Iris Gebh vom Bildungszentrum der Regio-Kliniken sieht in der belgischen Ausbildungsvariante ein gutes Vorbild. "Dabei handelt es sich um eine Kombination aus Praxisausbildung und Studium."

"Der Beruf darf in der Zeit des Notstandes nicht akademisiert werden", sagt Franz-Ulrich Löning-Hahn, Einrichtungsleiter der Wohnpflege Wedel und Regionalkoordinator für Pflege im Kreis Pinneberg. Dieser Aussage stimmt Iris Gebh zu. "Eine Umsetzung ist sinnvoll, aber nicht bis 2013." Sie hält ein abgestuftes System für notwendig. "Jeder kann zurzeit alles. Es sollte unterschiedliche Ausbildungsberufe, Voraussetzungen und Bezahlung geben."

Nina Kallenbach hat eben ihre Ausbildung an der Altenpflegeschule der Awo Tornesch, an der zirka 160 Schüler unterrichtet werden, beendet. Rückblickend stellt sie fest, dass Mitschüler mit Abitur aus ihrem Kursus keine Vorteile hatten. "Eine Mitschülerin hatte ein abgeschlossenes Studium. Besonders im praktischen Teil war sie nicht besser als die Schüler mit Mittlerer Reife", sagt die 23-Jährige.

Iris Gebh, die unter den 83 Einstellungen im Jahr ein Viertel Abiturienten verzeichnet, sieht dagegen klare Vorteile für Schüler mit zwölfjähriger Schulausbildung. "Es fällt ihnen leichter, schwere Thematiken zu verstehen." Awo und Regio-Kliniken sind sich jedoch einig, dass ein Image-Wechsel stattfinden muss. "Die Pflegeberufe sind für Abiturienten bislang unattraktiv. Sie versprechen wenig Geld, eine starke, körperliche Belastung. In der Gesellschaft sind sie nicht hoch angesehen", sagt Ines Wiese, Einrichtungsleiterin bei der Wohnpflege Tornesch. "Bevor die Politiker die Zugangsvoraussetzungen ändern, sollten sie am Image arbeiten.

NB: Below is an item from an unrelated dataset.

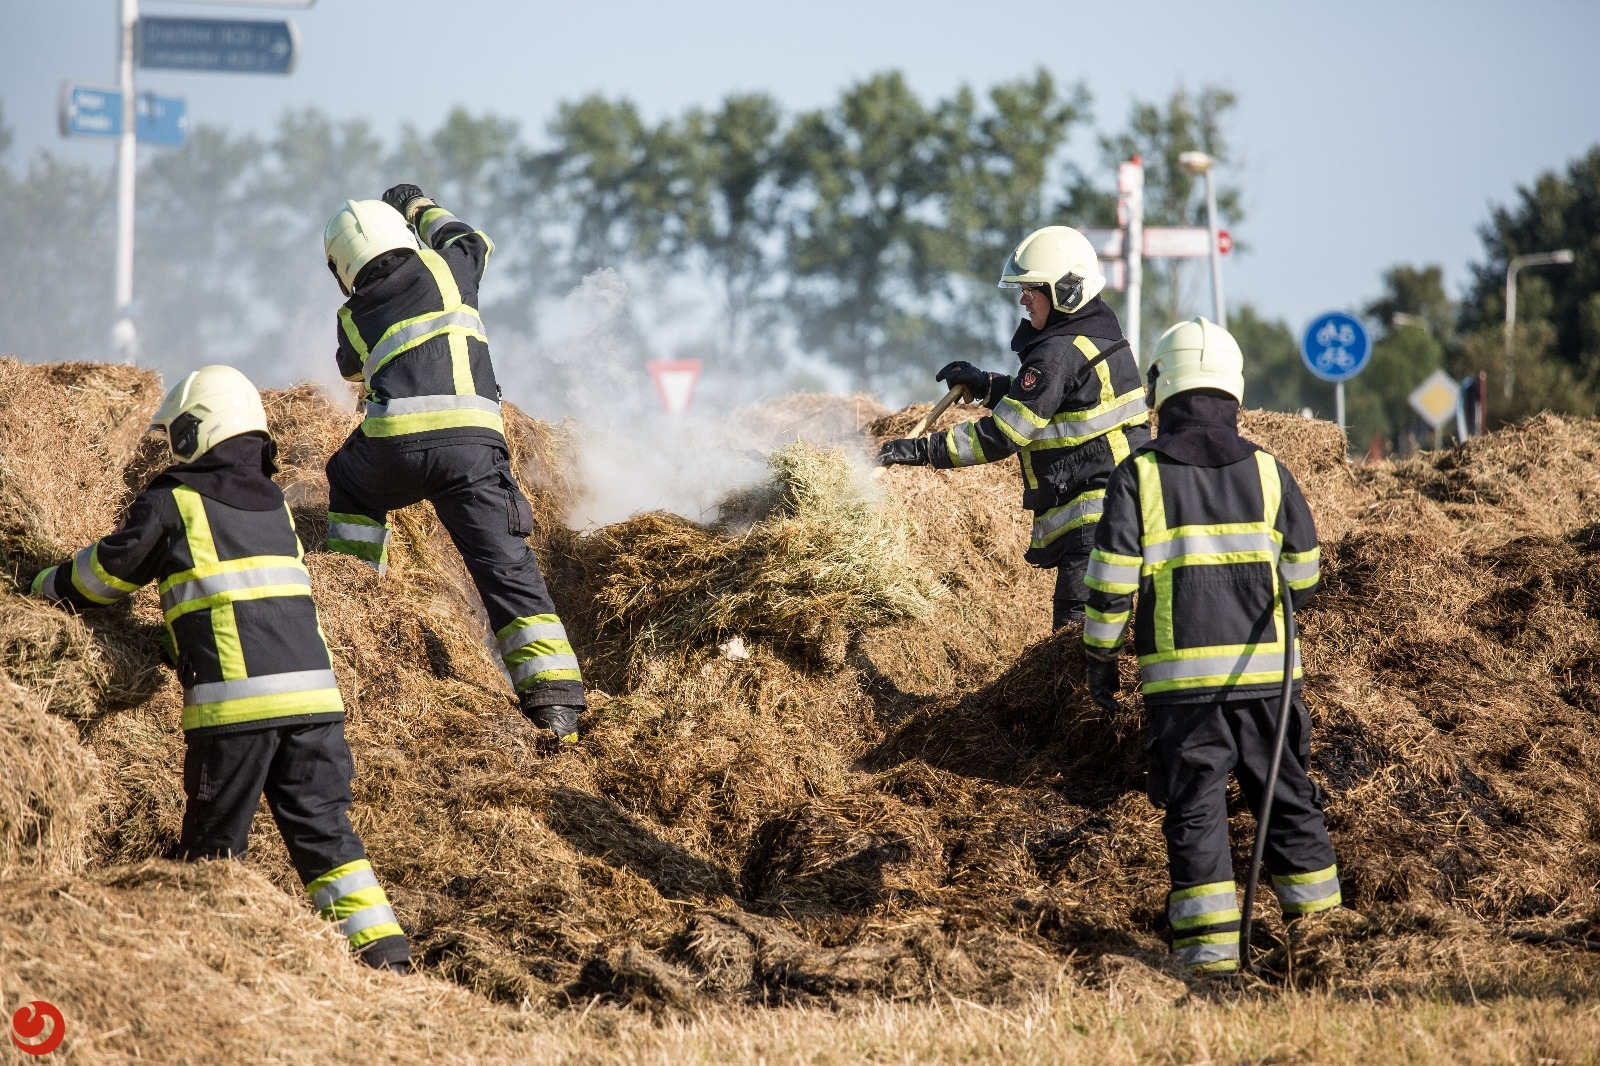 Aanhoudende droogte: wees alert op natuurbranden

+++ Pflege braucht Profis +++

Zurück zur Schulstunde im Quickborner Praxisraum: Andrea Geiger-Ortmann sieht abwechselnd auf die Anzeige des Blutdruckmessgerätes und die Uhr an der Wand. Dann löst sie die Manschette von Birgit Schneiders Arm, schaut die Mitschülerin an. "120 zu 80. Ein gesunder Blutdruck. Damit wirst du hundert Jahre alt." 16 Mitschüler, darunter 13 junge Frauen und drei junge Männer, schauen und hören aufmerksam zu. Wäre die Zugangsvoraussetzung für ihre Ausbildung bereits auf die zwölfjährige Schulbildung angehoben worden, wäre das Klassenzimmer leer.